You may have heard of the Monuments, Fine Arts and Archives (MFAA) officers, better known as the ‘Monuments Men’ – if you haven’t seen Clooney’s movie, maybe you have read this blog on art looted by the Nazis in Bruges. Both focused on the essential part these special officers of the Allied armies played in the recovery of looted works of art during and after the Second World War.
But it seemed to me that their action to safeguard historic monuments located on the European battlefields was less known. As a placement student from the Institut National du Patrimoine, the French school which provides training for curators, I thought that my seven weeks at The National Archives would be a great opportunity to investigate some of the records held here on the subject. I was especially curious to know more about what the Monuments Men had done in Normandy after D-Day.

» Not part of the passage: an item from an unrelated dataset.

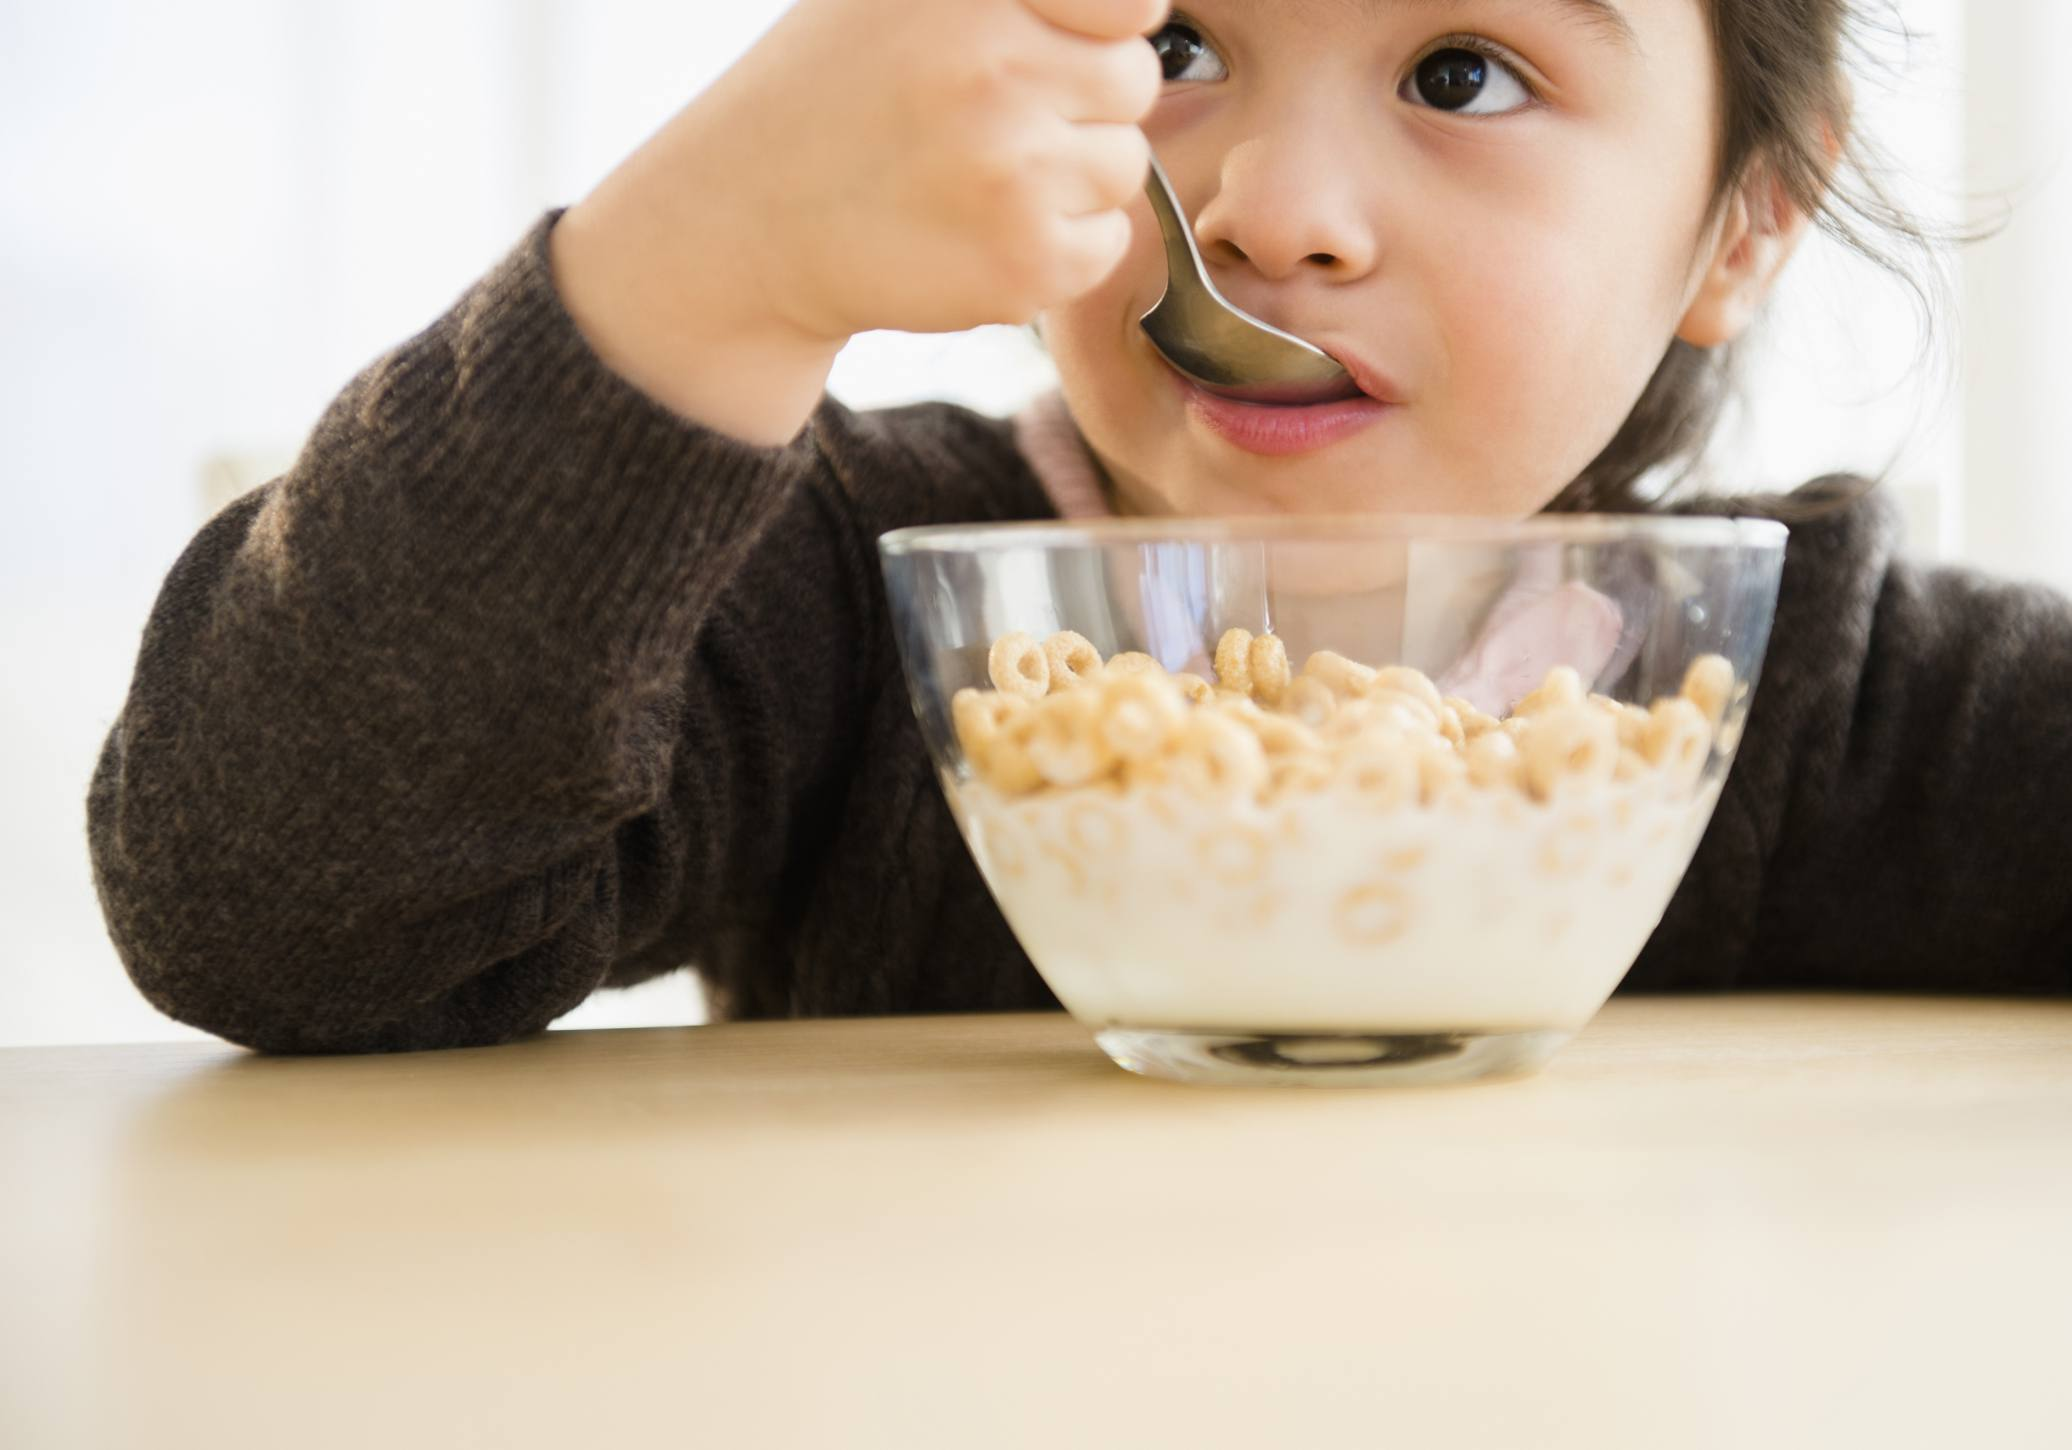 preschooler eating a bowl of cereal.

Someone with only art and architecture in mind might feel the Allies could not have chosen a worse region for their landing operations. Normandy is rich in monuments, including some of the world’s architectural treasures, such as Mont Saint-Michel or the cathedral of Rouen. It also has a great deal of churches, castles or ancient houses ‘which while [they can] not rank as artistic or historic monuments of the first order, yet [possess] such interest or charm as to make their loss deplorable’ (T 209/13). In 1944, their number was actually so high that it ‘horrified’ the Allied Command, as Lt. Geoffrey Webb, head of the MFAA, reported at the time (T 209/2).
The protection of historic monuments in wartime was not merely a concern for art lovers. Many great names in the art world, like James Mann, the director of the Wallace Collection, had warned the British government they needed to safeguard European artistic heritage in order not to be ‘arraigned as fellow criminals with Hitler and Goering’ by posterity (T 209/1).

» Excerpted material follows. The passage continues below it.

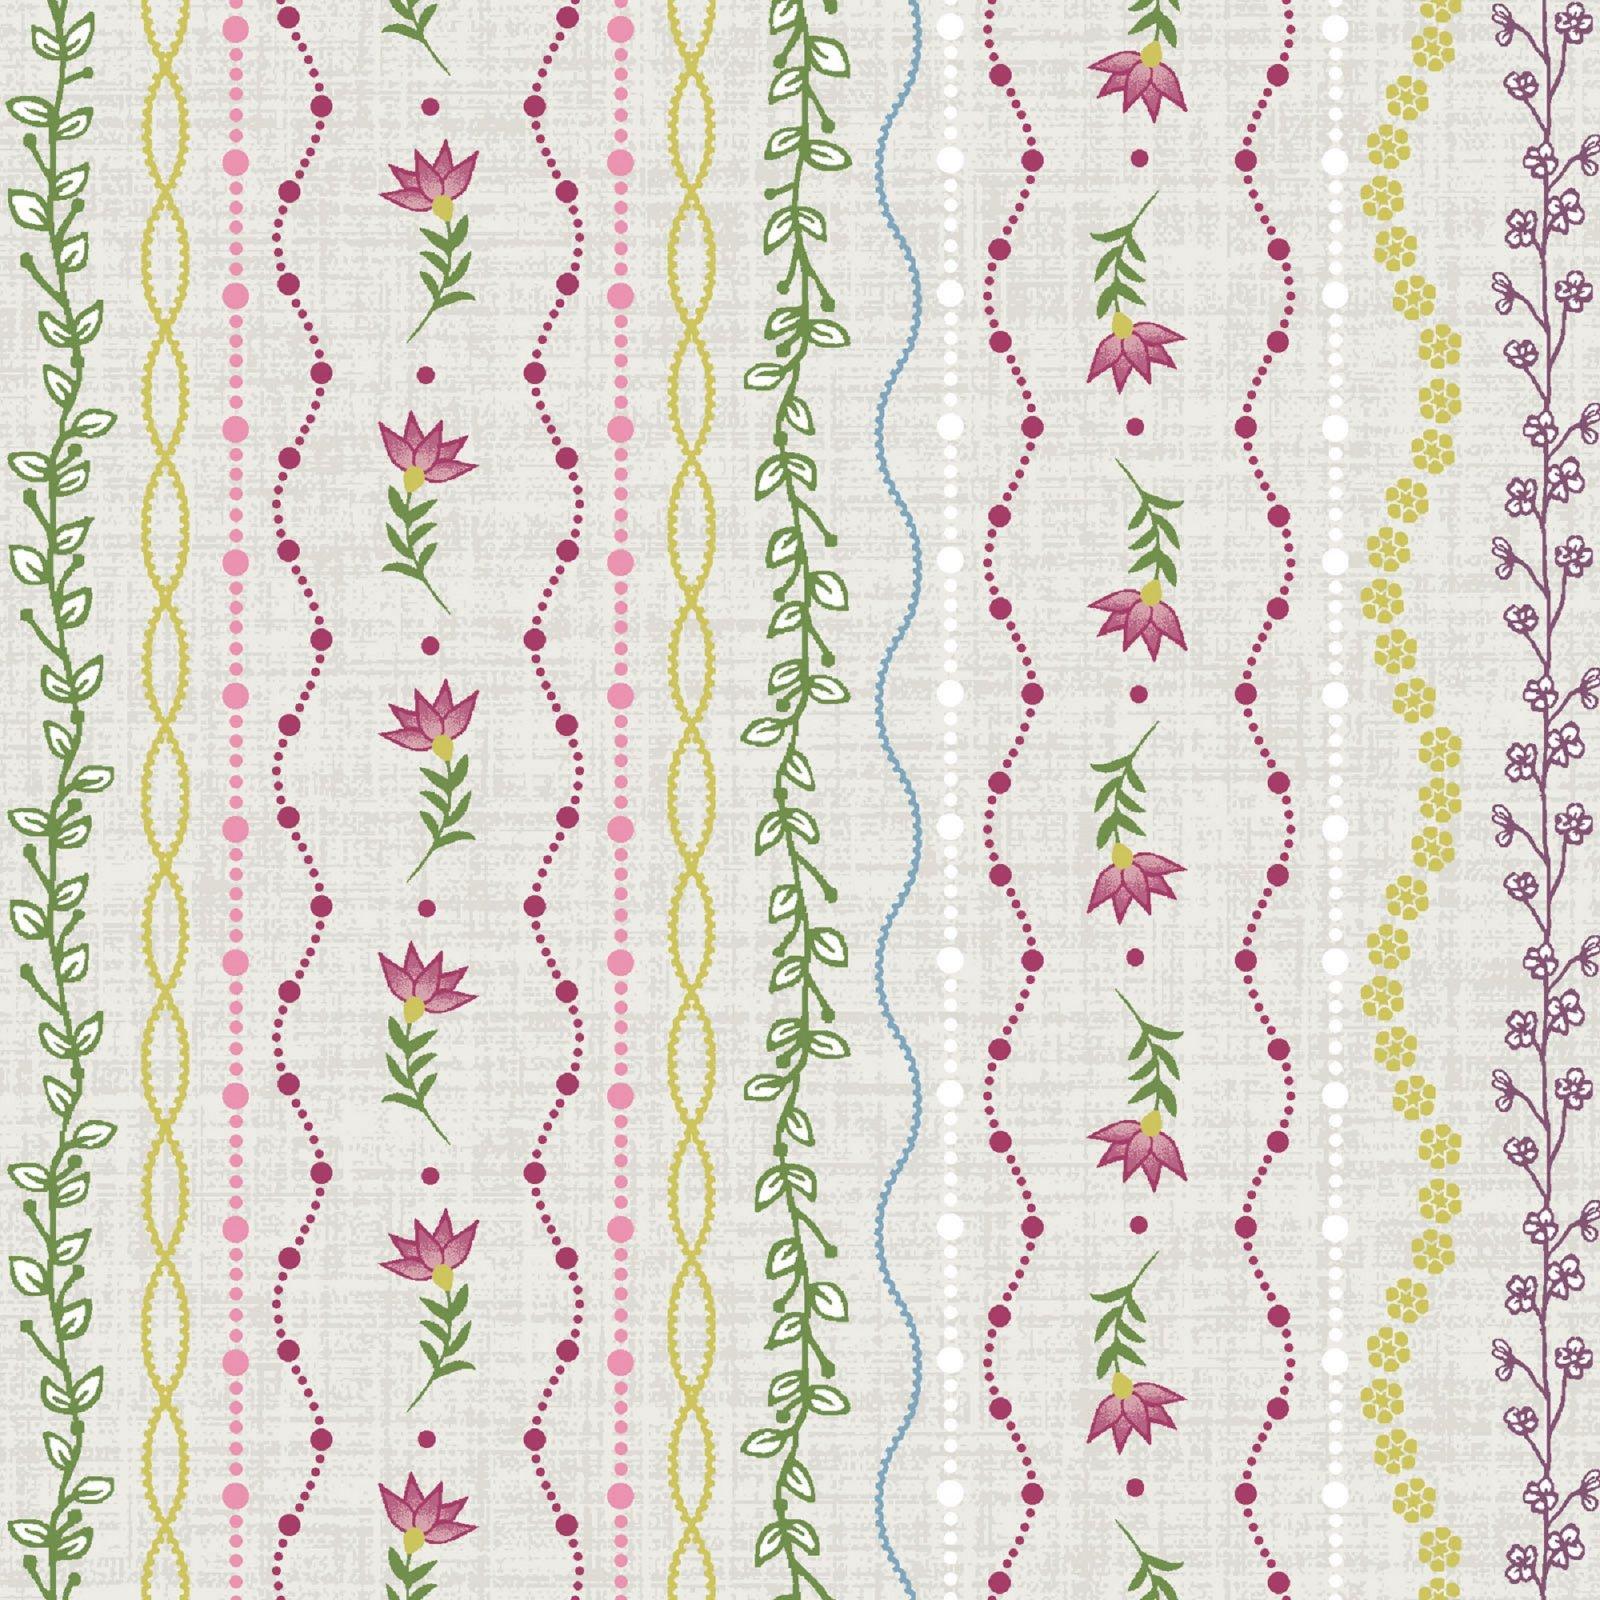 Flower & Vine - Stripe - Ecru

More urgently, sparing the French monuments as much as possible was a way for the military command to refute Nazi and Vichy propaganda that kept bringing up the ‘ruins’ the Allies left behind them. It was crucial to gain the support of the French population after D-Day; handbooks distributed to Allied soldiers pointed out that respectful behaviour towards local monuments would be particularly valuable to the French, by nature ‘suspicious of tourists, especially the English’ (WO 220/610).
The MFAA organisation already existed before D-Day. Created at the end of 1943, it had fought to protect world’s treasures on the Italian front but lack of training and equipment had prevented its officers from being totally efficient. The operations in Normandy were more carefully planned. First, the structure of the MFAA for North-Western Europe was clarified throughout the spring: defined as a ‘joint-Allied enterprise’, it was established as a special section of the Civil Affairs Division of the Supreme Headquarters Allied Expeditionary Force (SHAEF), and therefore placed under the control of the Commander in Chief, Dwight Eisenhower.

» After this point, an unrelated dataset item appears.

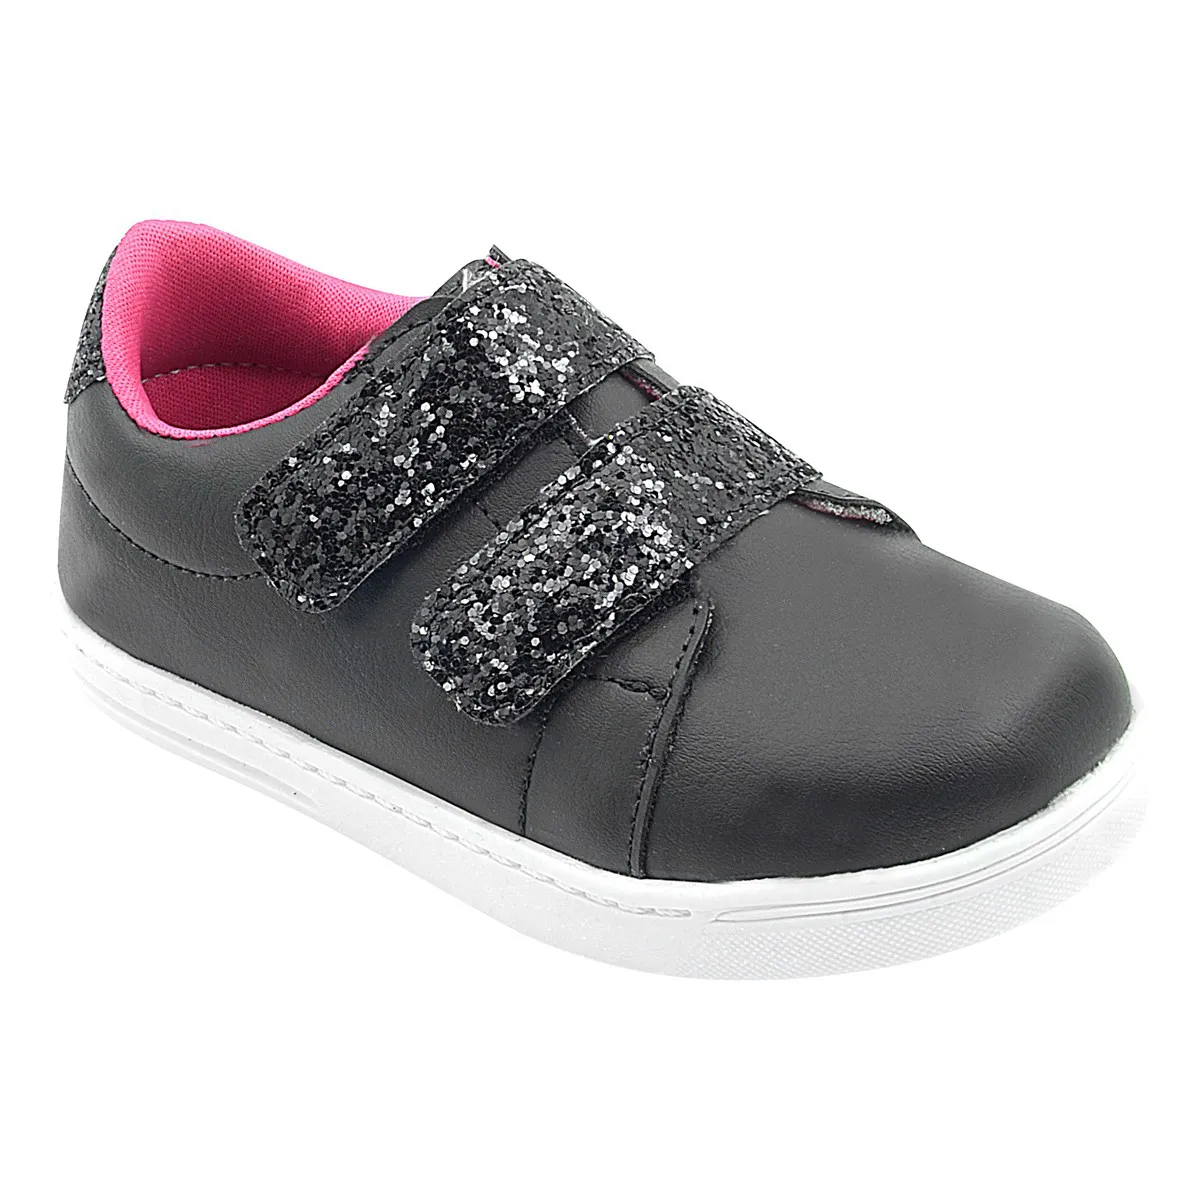 Tênis Infantil com Velcro Duplo Glitter Preto Feminino

At this time, nine MFAA officers – all ‘Allied military personnel possessing a knowledge of art’ – were working in the section under the supervision of Lieutenant Geoffrey Webb, a renowned art professor. In March 1944, they were sent to the English countryside in order to write the ‘French handbook’, which contained a precious list of the monuments and cultural institutions that were to be spared as much as possible by military operations. Back in London in May, they began to prepare for their imminent work in the field (WO 220/589).
The first MFAA officer sent to Normandy was Captain Bancel LaFarge, an American architect and Francophile, who enlisted in the US Army in 1942. Arriving on 7 June, he wrote his first report only a week later.
He was joined in July by Lt. Stout, Squadron Leader Dixon-Spain and Captain Posey. Each one of them was following the progression of the army he was attached to. As the Allies advanced further in the East of France, they handed over their responsibilities in Normandy to four other MFAA officers arrived in August.
These eight officers were supposed to deal with the 390 Normandy monuments listed in the ‘French handbook’. The task seemed almost impossible. They lacked everything from paper to support from their military superiors, who tended to look down on them because they were low-rank officers.
During the first weeks, they had to rely on the ‘romantic but highly inefficient method of hitch-hiking’ to visit monuments (WO 220/632). They spent a lot of time moving from one place to another. I checked on Google Maps: Major Methuen travelled almost 650 miles in just a week!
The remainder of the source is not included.